*PROBLEM DETAILS*:
Every line of the listing below should be written out exactly, minus its pictures.

*DATA EXCERPT*:
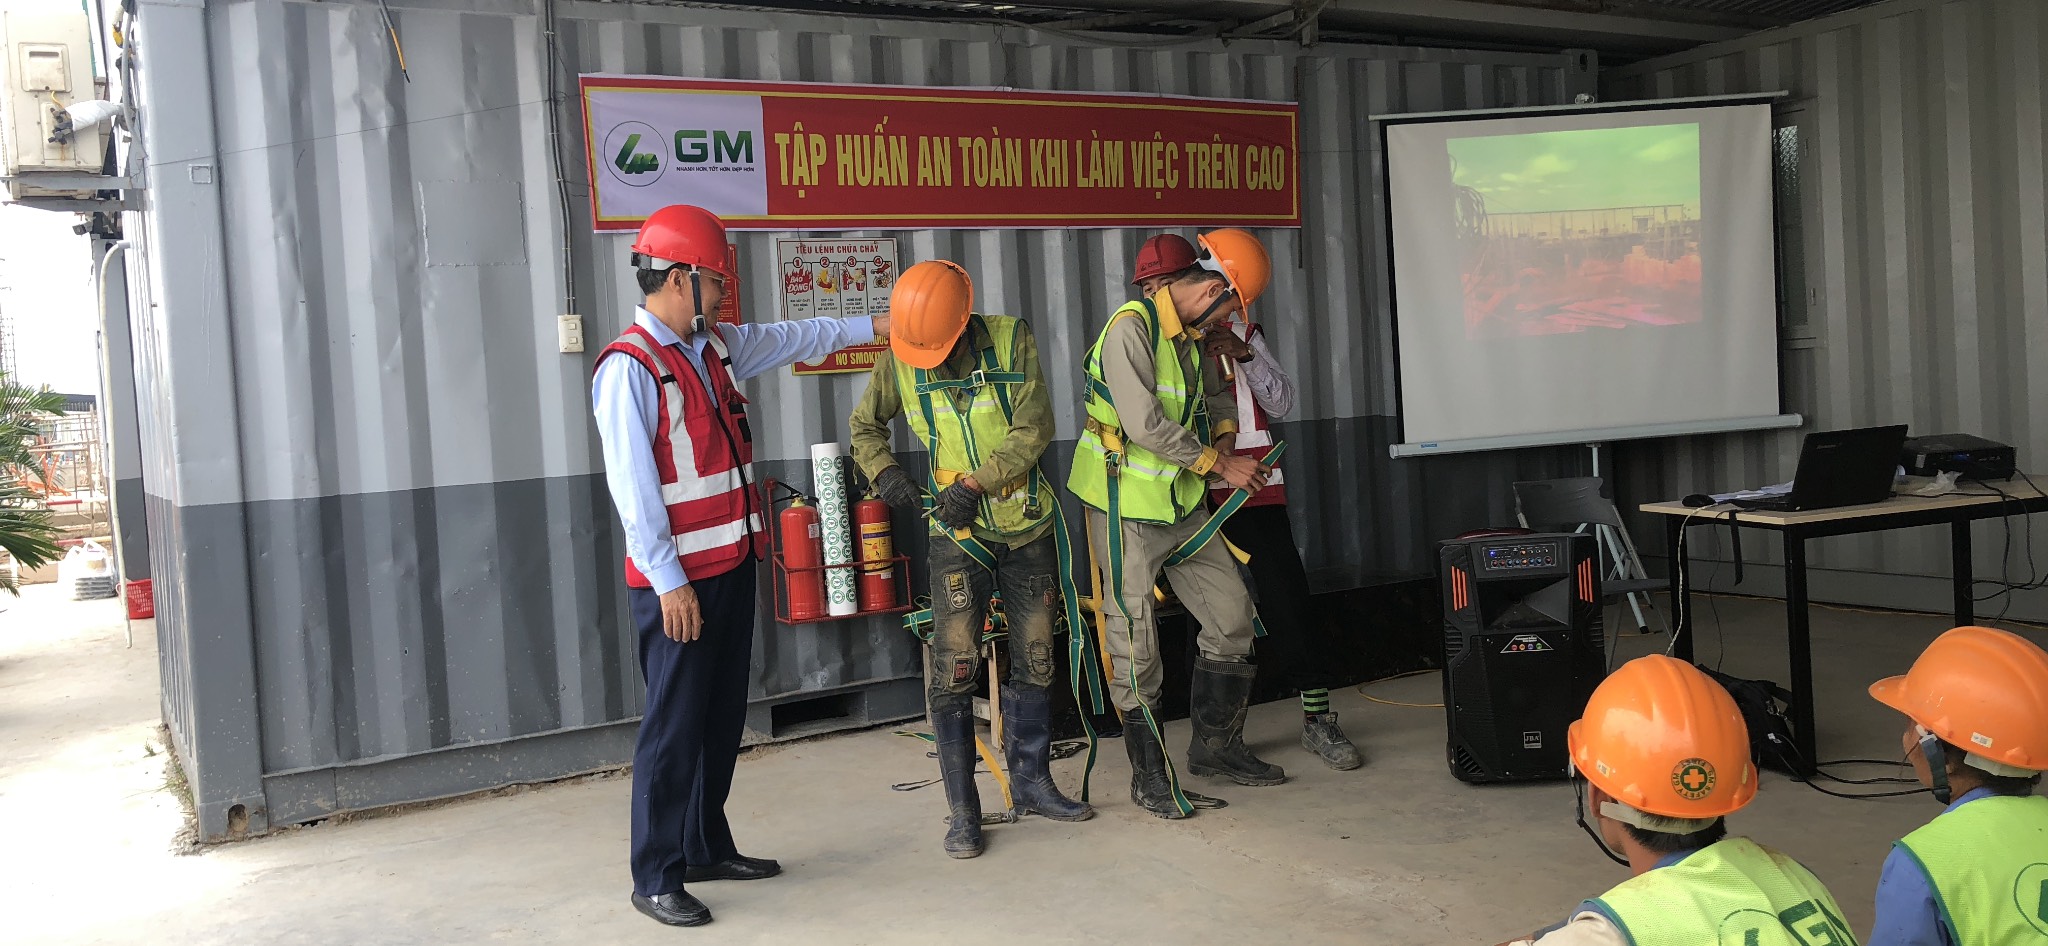 Trung tâm huấn luyện an toàn vệ sinh lao động GM tổ chức tập huấn an toàn làm việc trên cao
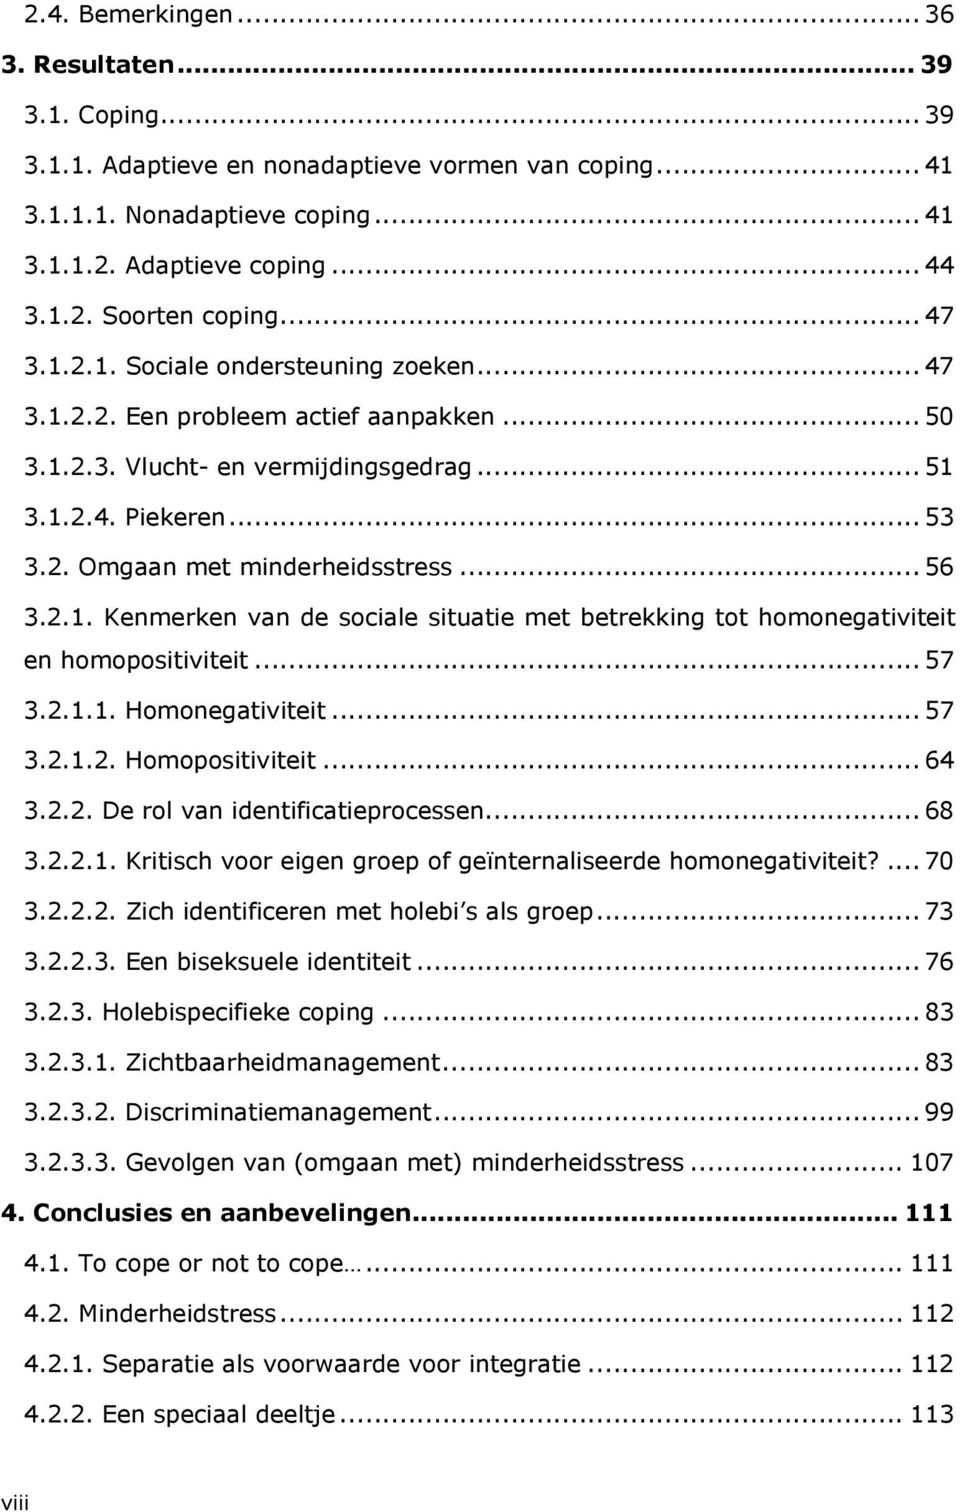 .. 56 3.2.1. Kenmerken van de sociale situatie met betrekking tot homonegativiteit en homopositiviteit... 57 3.2.1.1. Homonegativiteit... 57 3.2.1.2. Homopositiviteit... 64 3.2.2. De rol van identificatieprocessen.
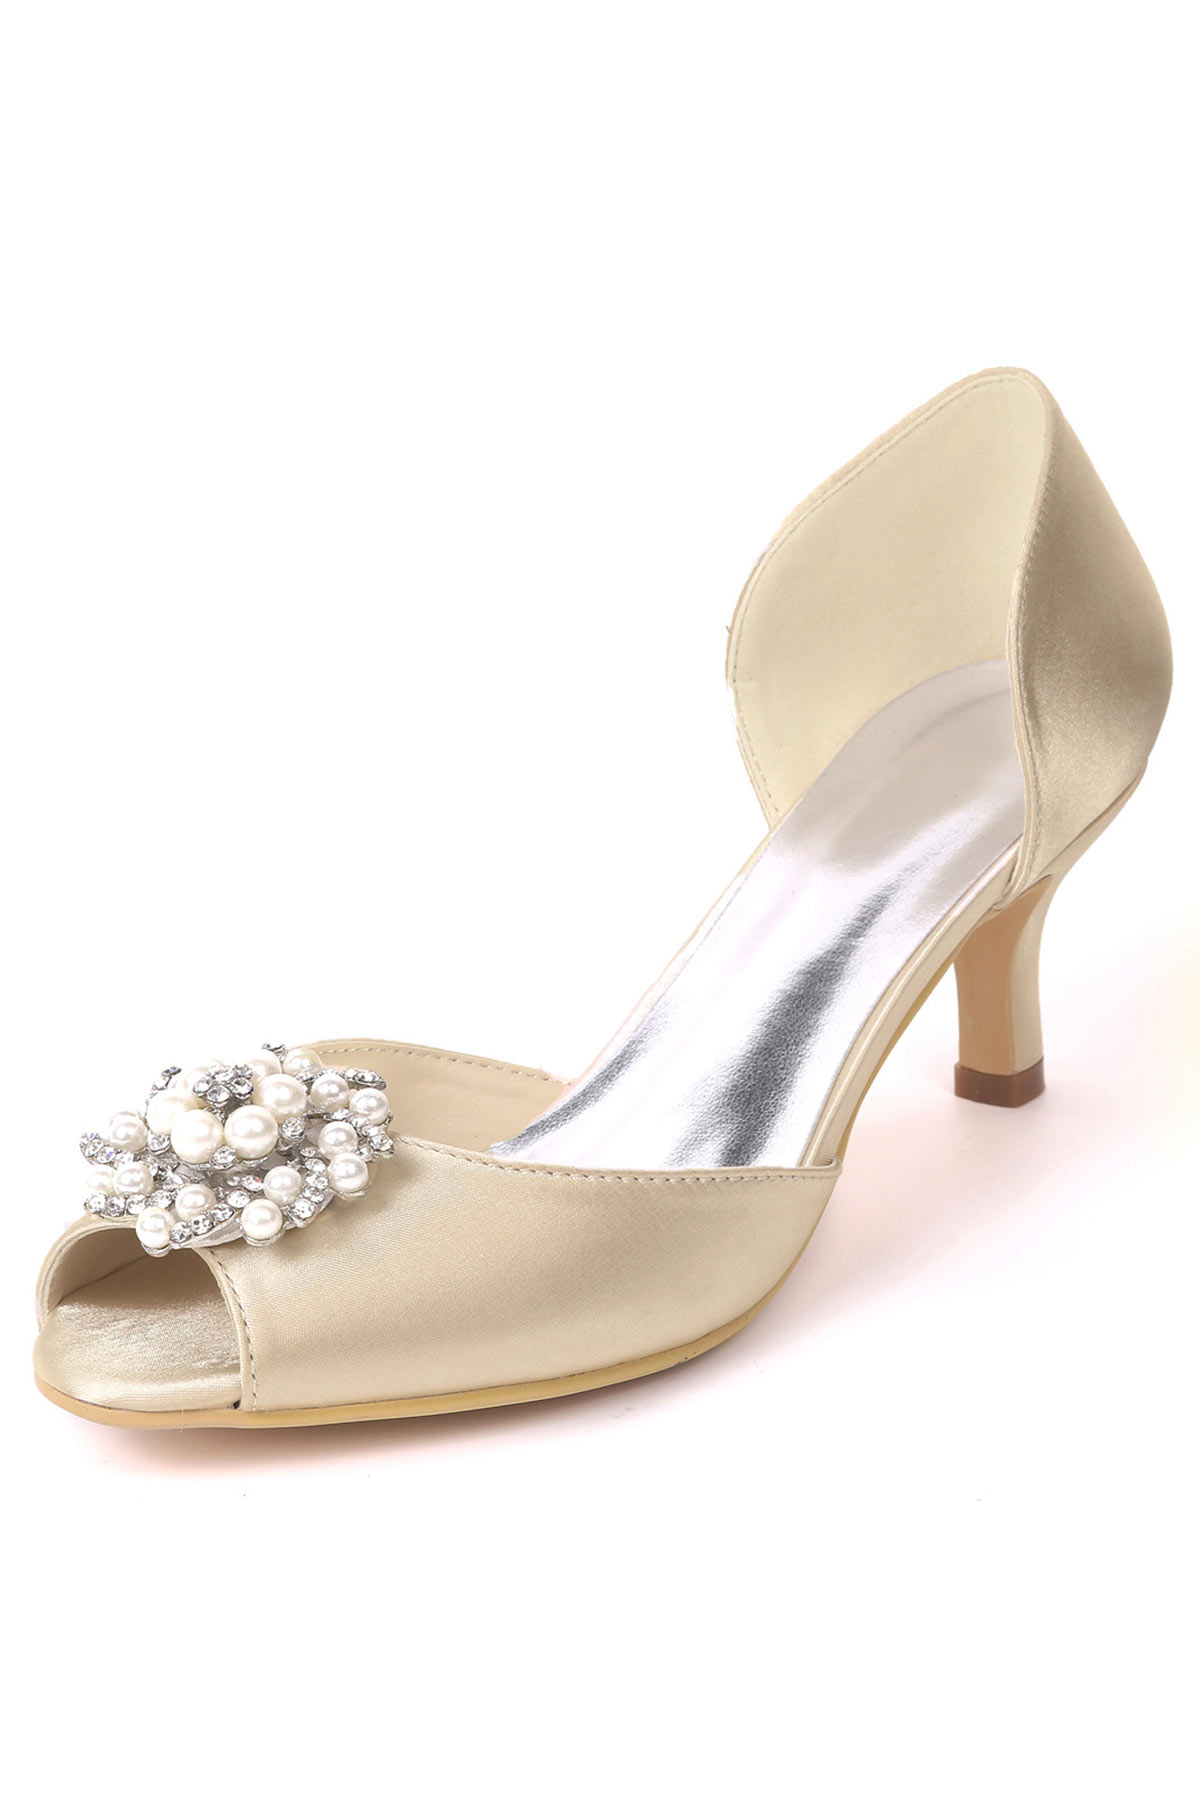 Chaussures ivoire pour mariée à petit talon bout ouvert perlé
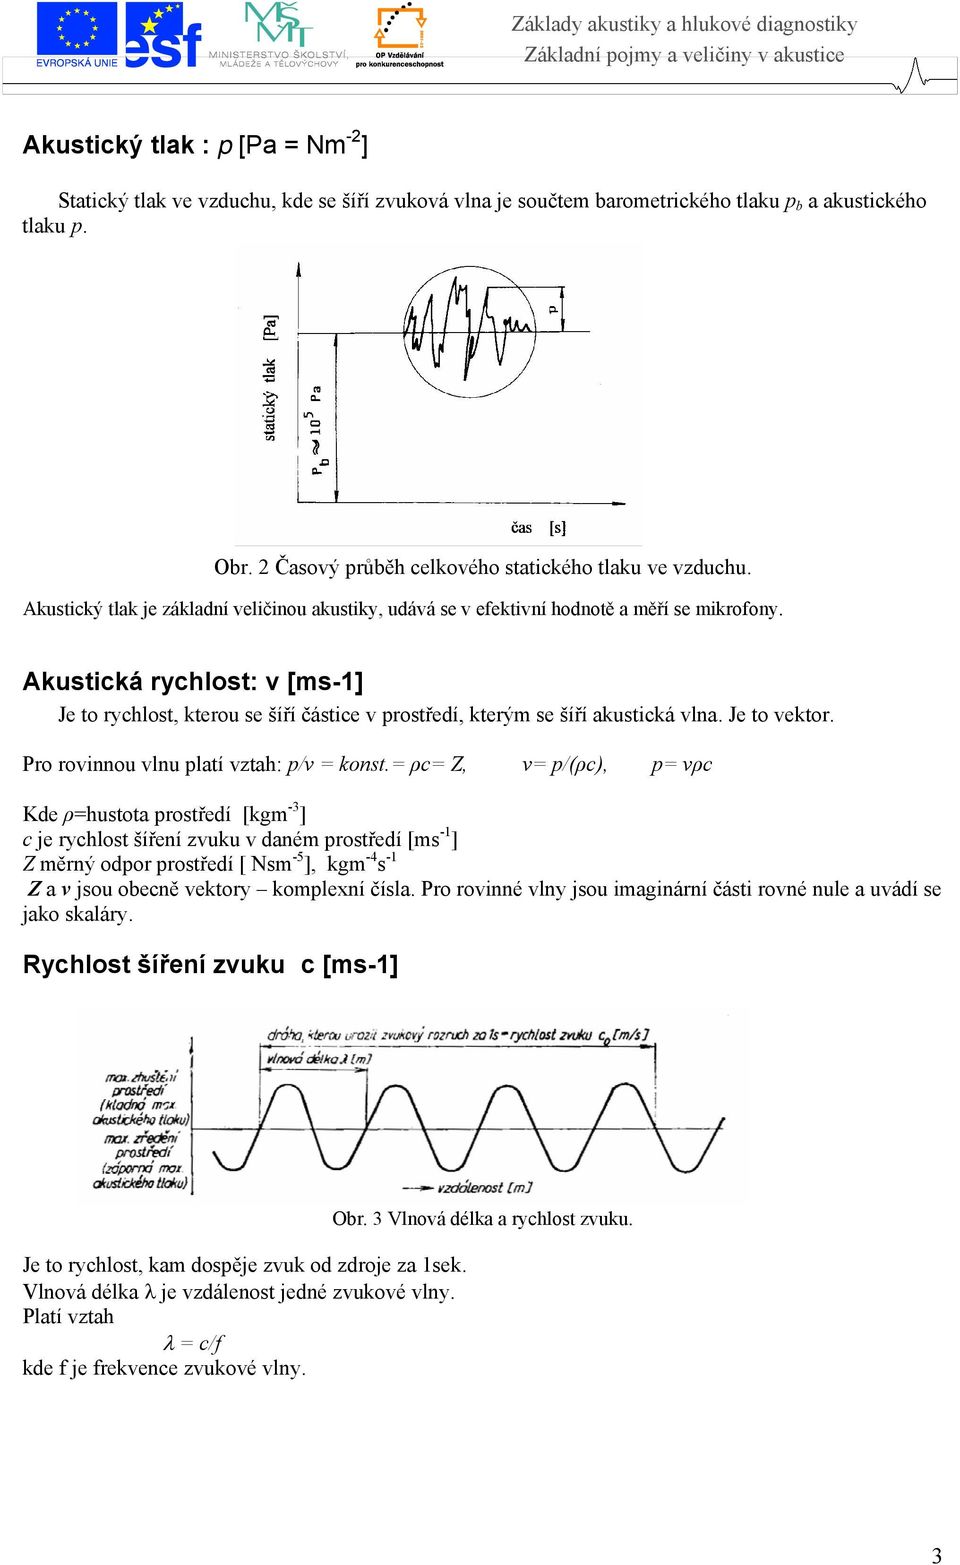 Akustická rychlost: v [ms-1] Je to rychlost, kterou se šíří částice v prostředí, kterým se šíří akustická vlna. Je to vektor. Pro rovinnou vlnu platí vztah: p/v = konst.

*SOLUTION FOR THIS PROBLEM*:
 Trung tâm huấn luyện an toàn vệ sinh lao động GM tổ chức tập huấn an toàn làm việc trên cao
 .. 56 3.2.1. Kenmerken van de sociale situatie met betrekking tot homonegativiteit en homopositiviteit... 57 3.2.1.1. Homonegativiteit... 57 3.2.1.2. Homopositiviteit... 64 3.2.2. De rol van identificatieprocessen.
 Chaussures ivoire pour mariée à petit talon bout ouvert perlé
 Akustická rychlost: v [ms-1] Je to rychlost, kterou se šíří částice v prostředí, kterým se šíří akustická vlna. Je to vektor. Pro rovinnou vlnu platí vztah: p/v = konst.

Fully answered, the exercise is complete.